In summary, pasteurisation is necessary for any sweet cider created to only contain natural ingredients, or if bagged before it is fully mature. Cider yeast is powerful stuff and it is not easy to stop fermentation without it. The alternatives are either debatable or flawed. The negative is that there is some pay off in terms of alteration to flavour.

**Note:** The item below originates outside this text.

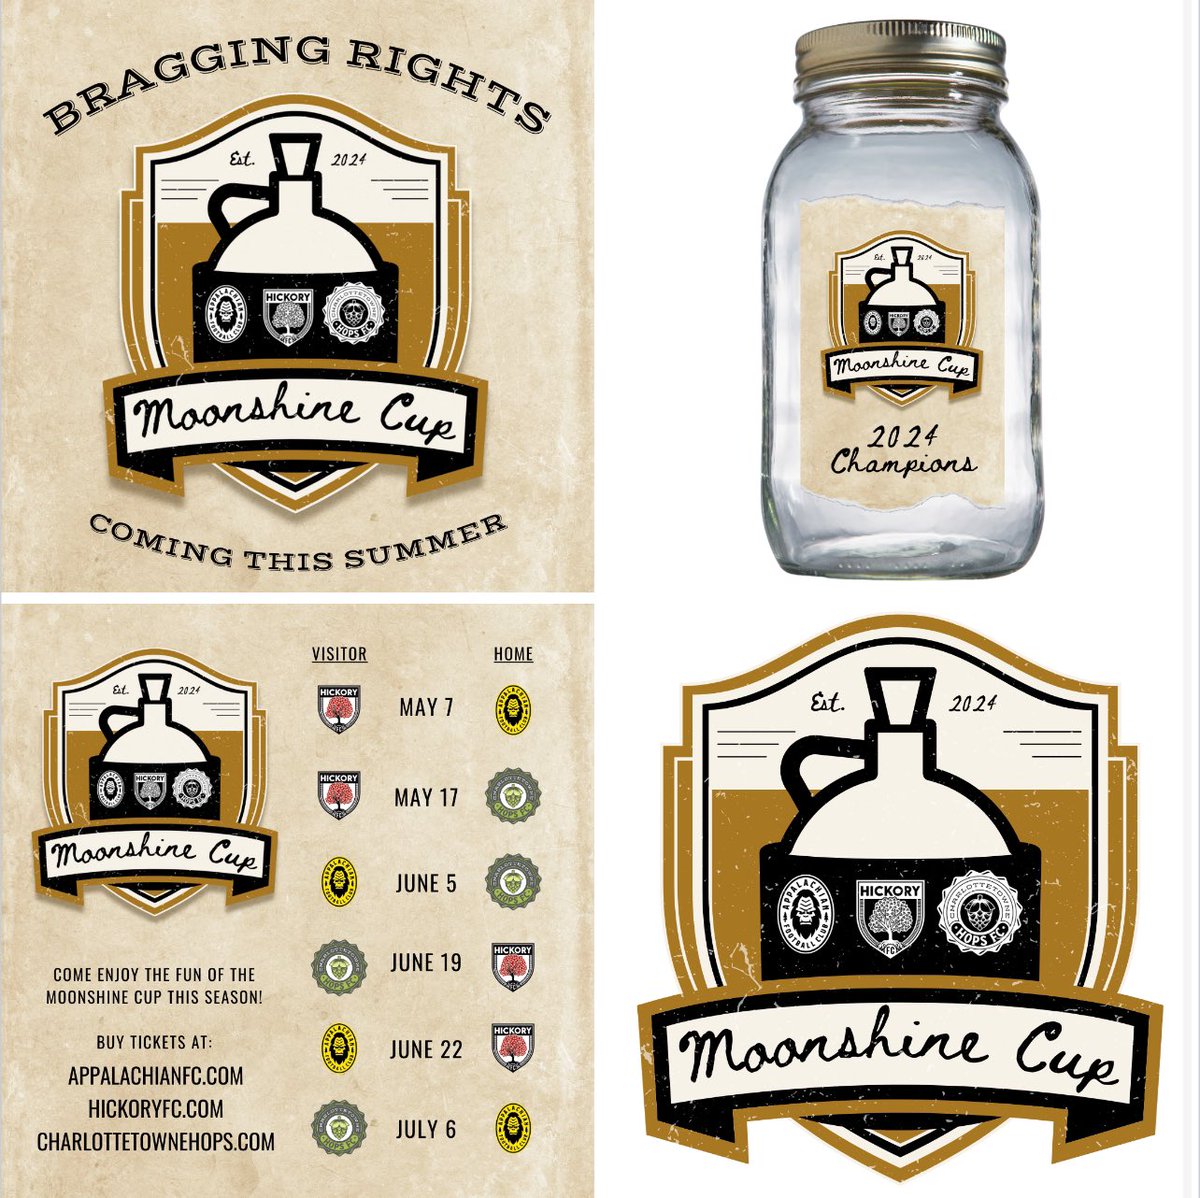 In today’s biggest announcement in the Soccer World, 3 NPSL teams in North Carolina announce the Moonshine Cup. Hickory FC, Charlottetowne Hops FC & Appalachian FC will battle for Moonshine Mason Jar. Kicks off when Hickory FC travels to Boone to play Squatchiest team in 🇺🇸! 🏆

Oddly, supermarkets generally insist on pasteurisation... even where ciders are either artificially sweetened or dry. This probably has more to do with Elf and Safety overkill than anything else... and I suspect that protest from a cider maker would fall on deaf ears.

Additional note


For large companies, they no longer need to pasteurise. This is where this blog post cross threads with the next Cider101 planned – filtration. Cider can be sweetened, filtered finely to remove all yeast and bottled without risk of renewed fermentation, as long as it is done in ‘clean room’ environment (i.e. absolutely sterile). This is an expensive way of doing things, and is only really available to larger producers, or smaller producers who pay for the privilege of 'clean room' and micro filtration processes. I will cover the filtration side of this next time, but I would say that there is a pay off – after all, which is larger – yeast cells or other cells that make up the flavour/body etc? OK – lets not get too technical eh, but (borrowing from the knowledge of Andrew Lea) flavour is lost this way in a much more pronounced way than for pasteurising alone.